*Work task*. Please retype the listing exactly as it appears, skipping each picture.

*Stored data*.
------------

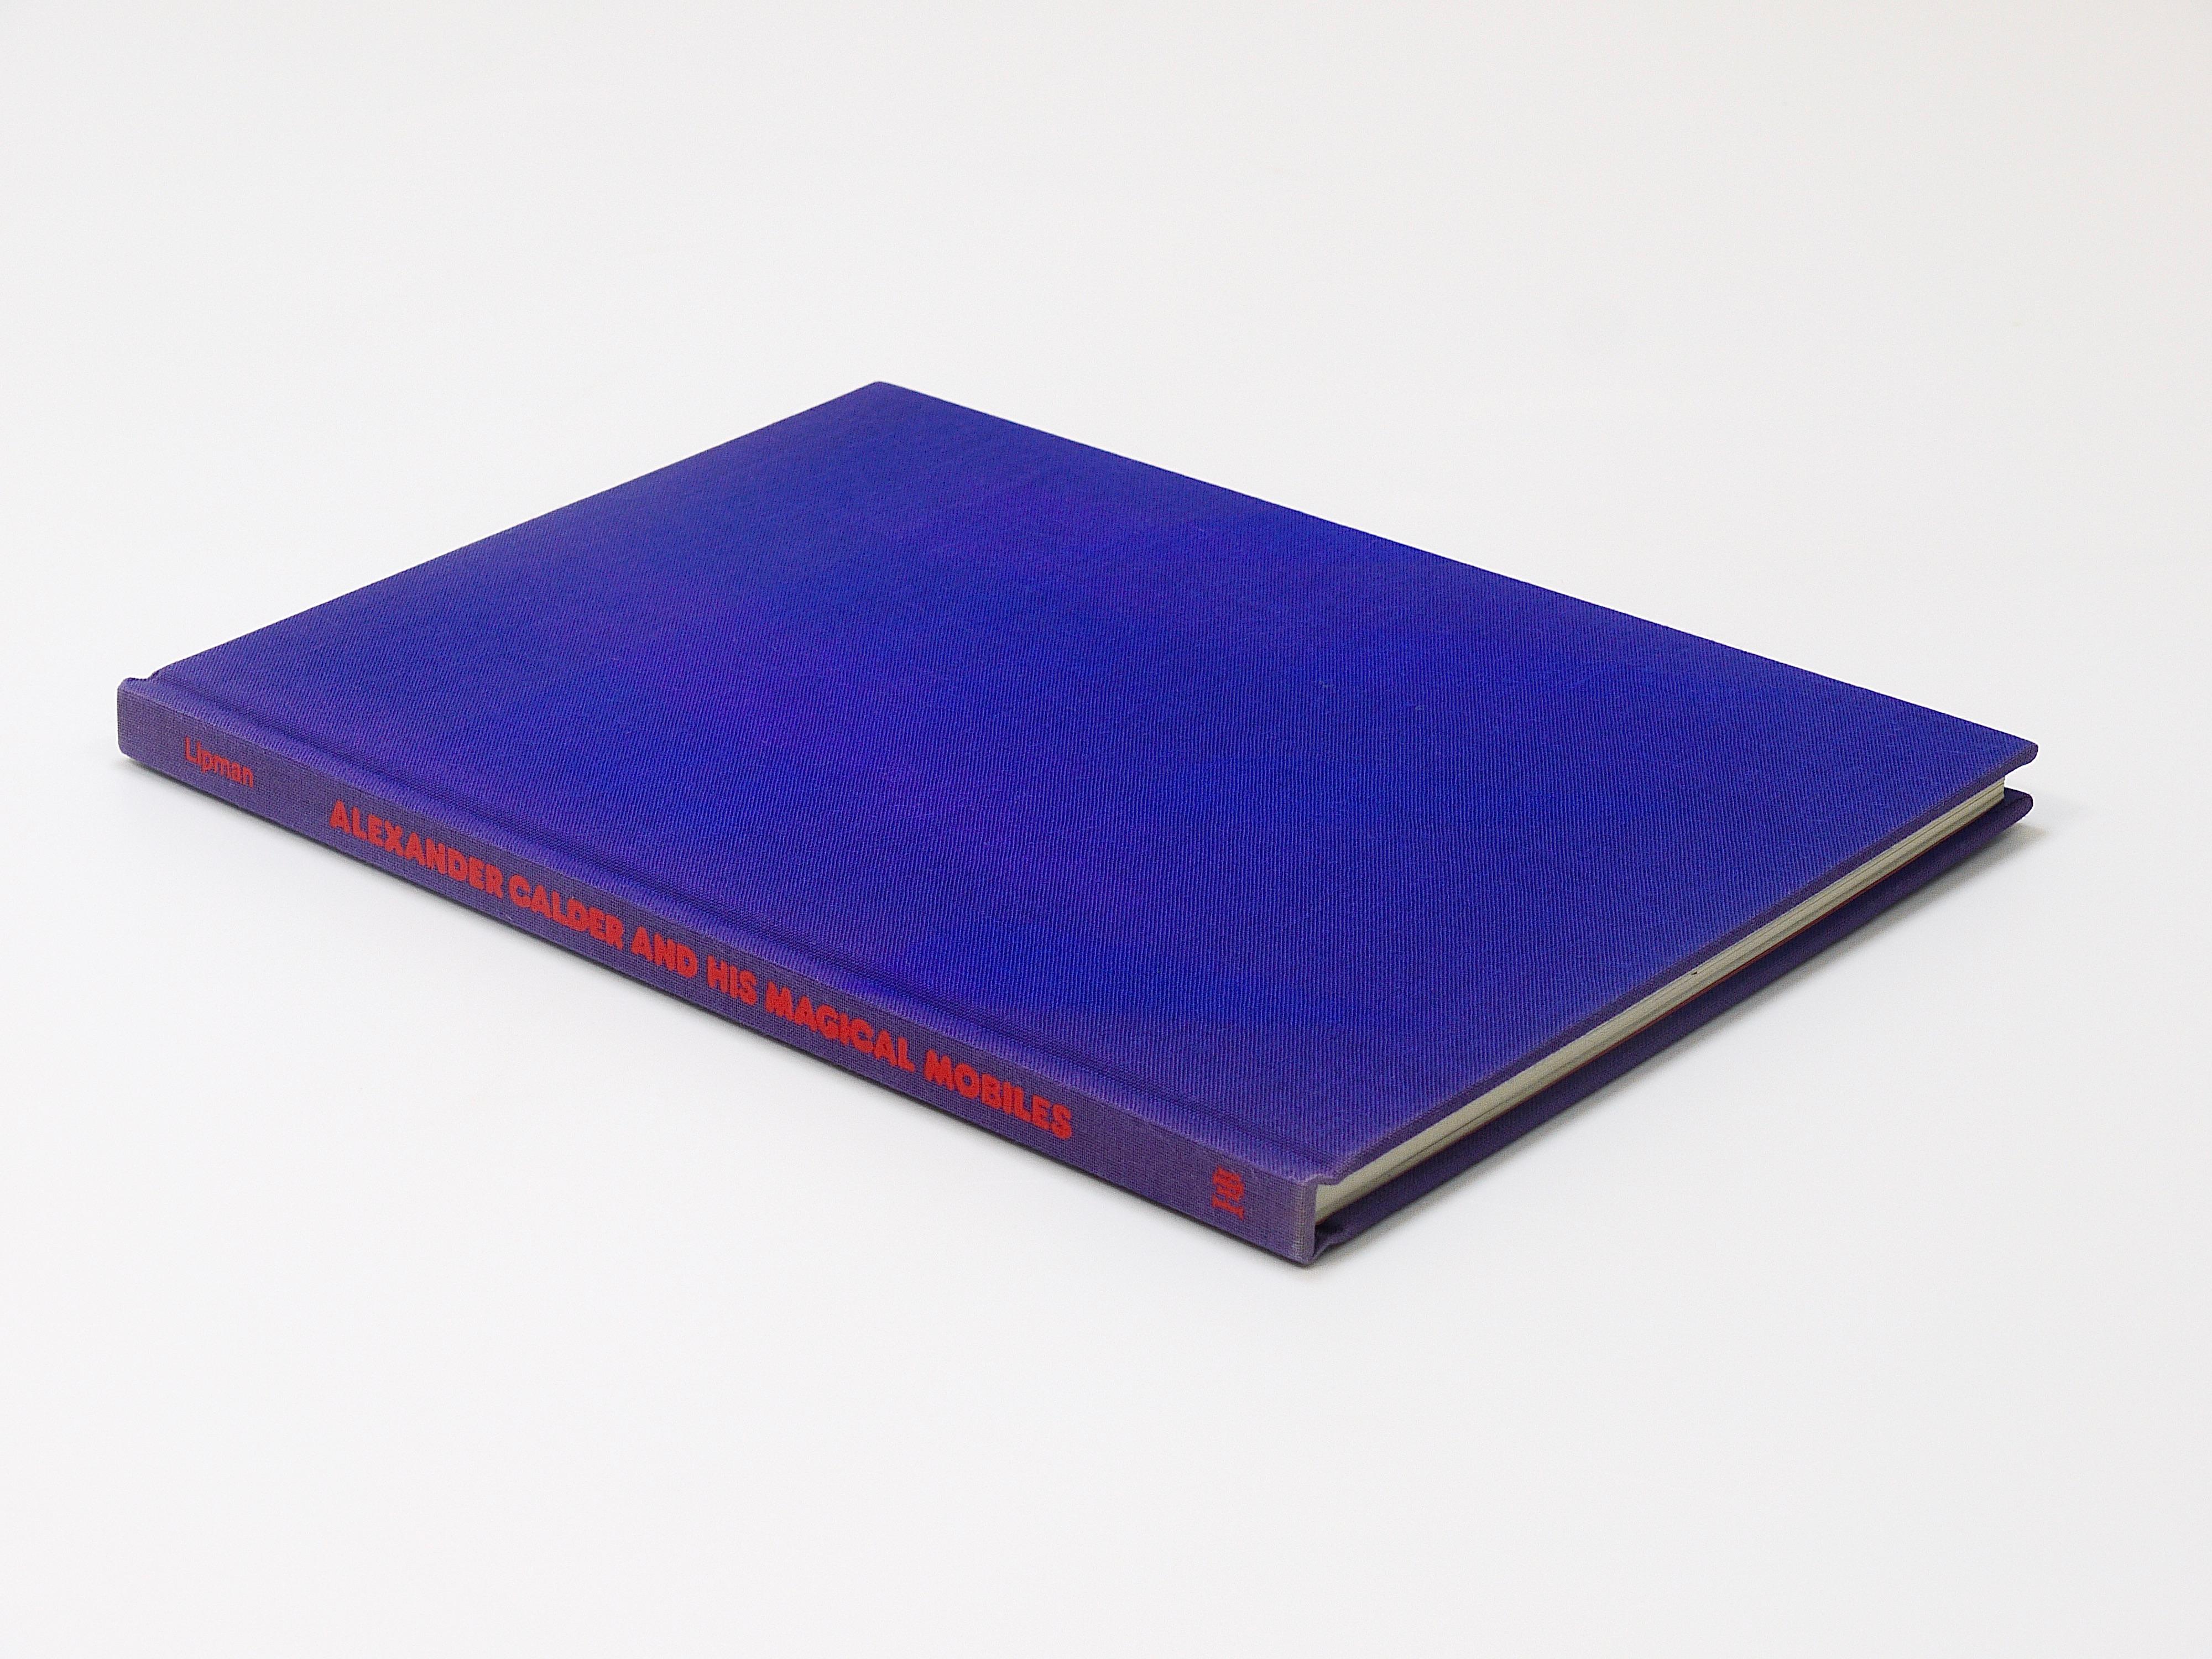 Livre « Alexander Calder and His Magical Mobiles Art Book », Lipman & Aspinwal, 1ère édition en vente 11
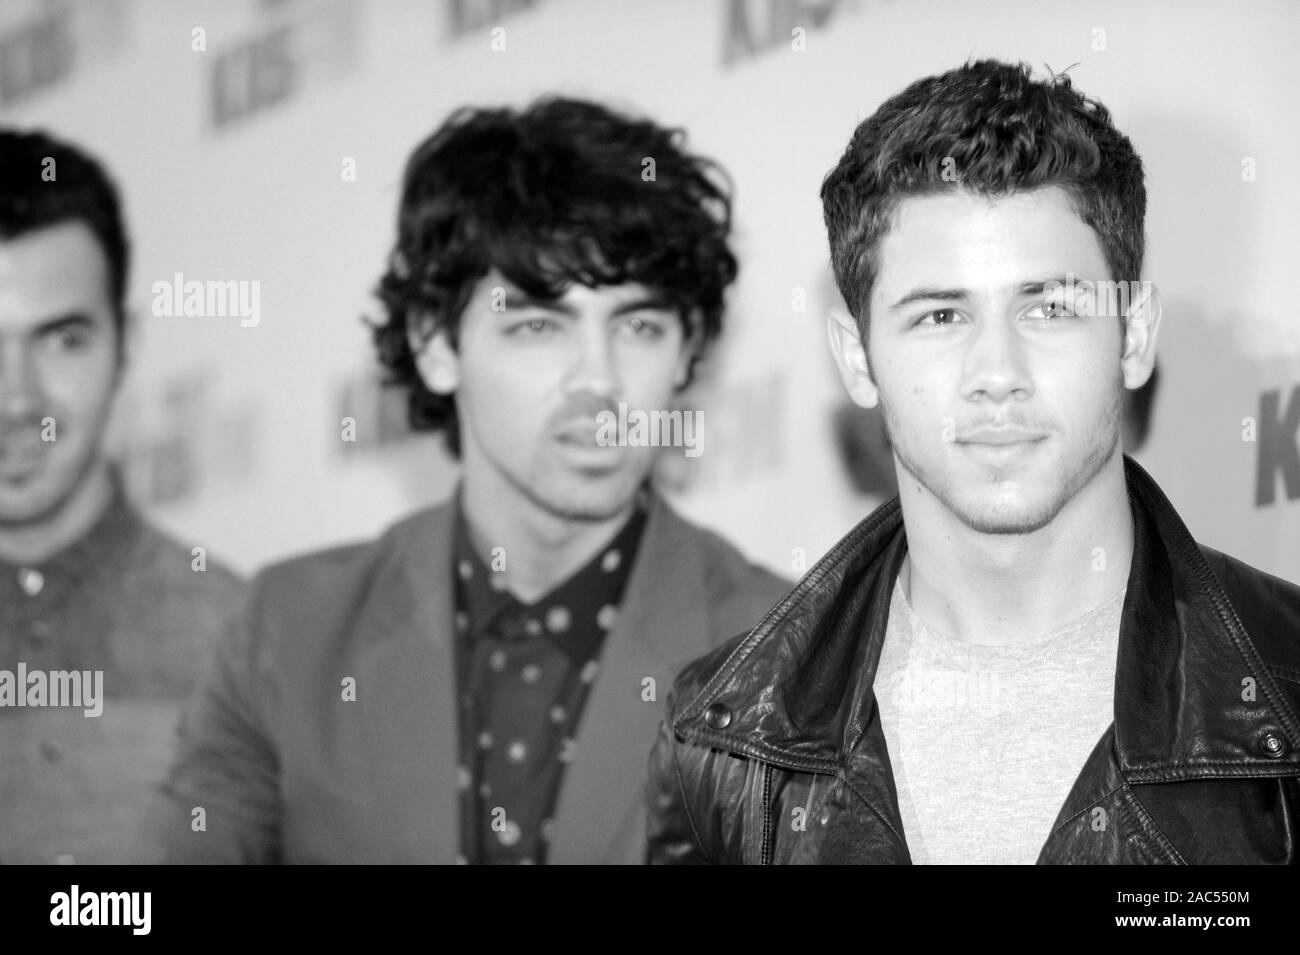 (L - R) Kevin, Joe und Nick Jonas der Jonas Brothers sorgen die KIIS FM 2012 Jingle Ball bei Nokia Theatre L.A. Live am 1. Dezember in Los Angeles, Kalifornien 2012. Stockfoto
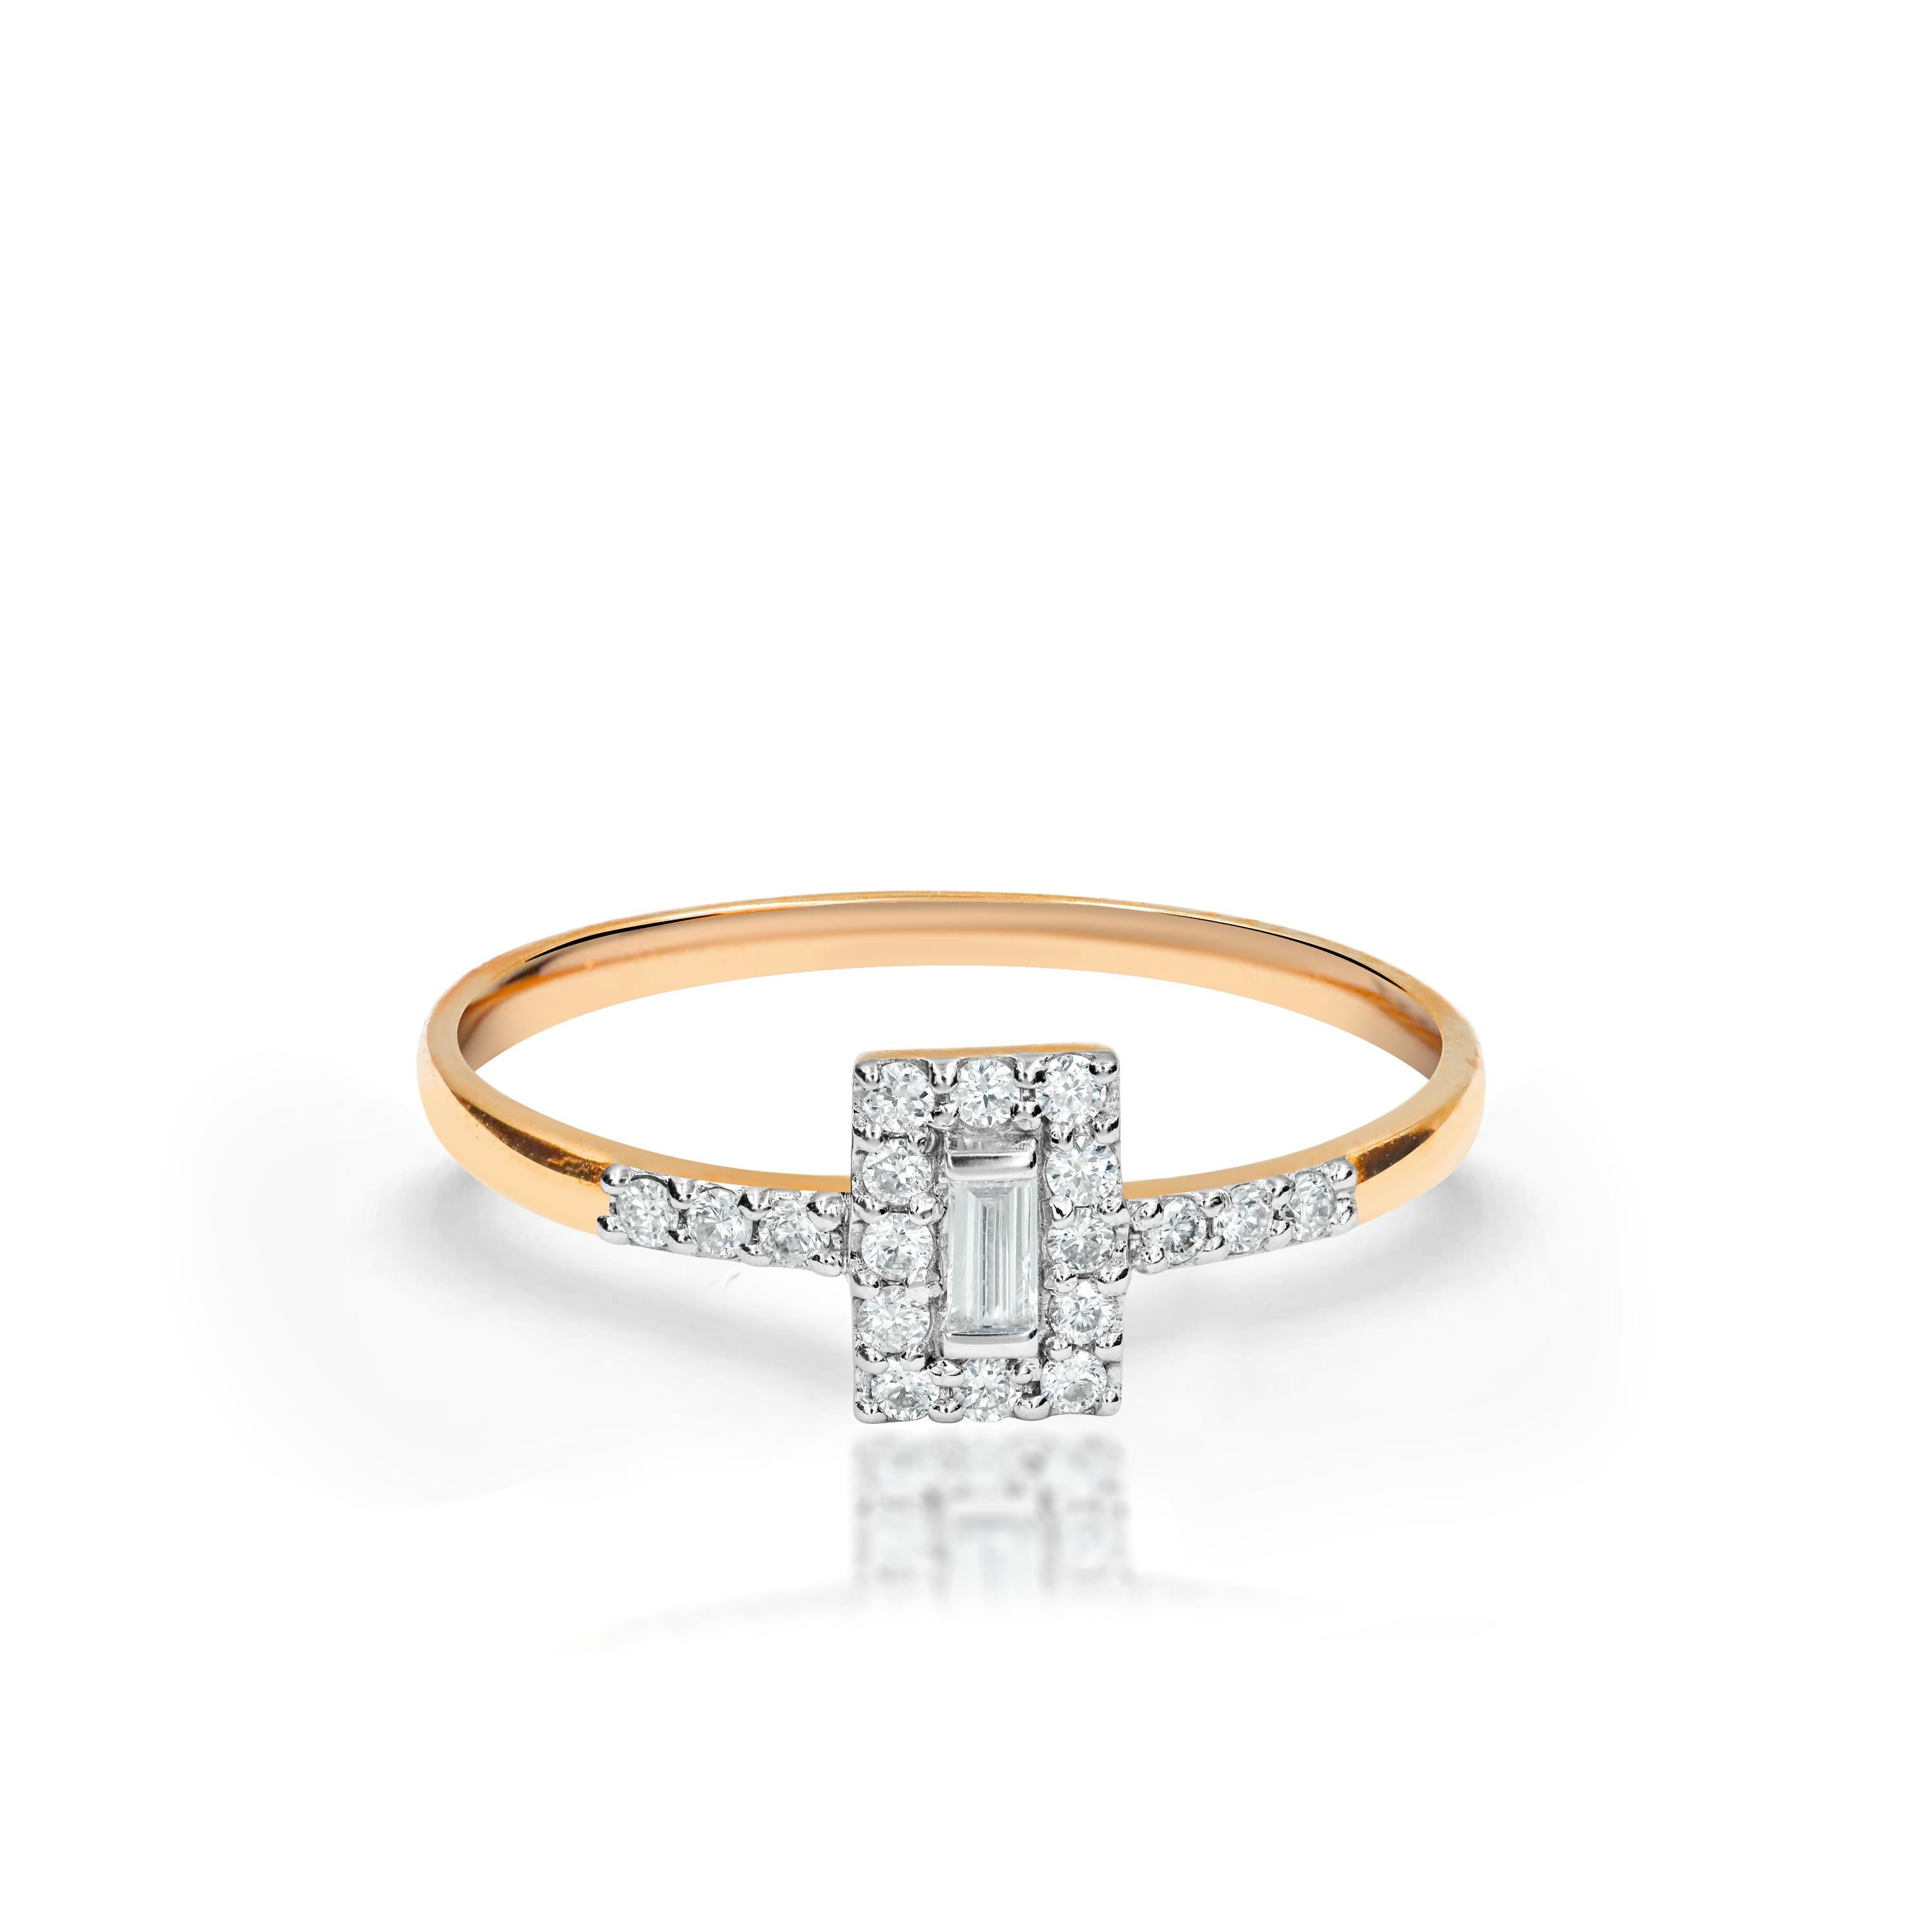 For Sale:  18k Gold Baguette Ring Diamond Baguette Ring Engagement Ring 2

------------

*Written response*.
 Livre « Alexander Calder and His Magical Mobiles Art Book », Lipman & Aspinwal, 1ère édition en vente 11
 (L - R) Kevin, Joe und Nick Jonas der Jonas Brothers sorgen die KIIS FM 2012 Jingle Ball bei Nokia Theatre L.A. Live am 1. Dezember in Los Angeles, Kalifornien 2012. Stockfoto
 For Sale:  18k Gold Baguette Ring Diamond Baguette Ring Engagement Ring 2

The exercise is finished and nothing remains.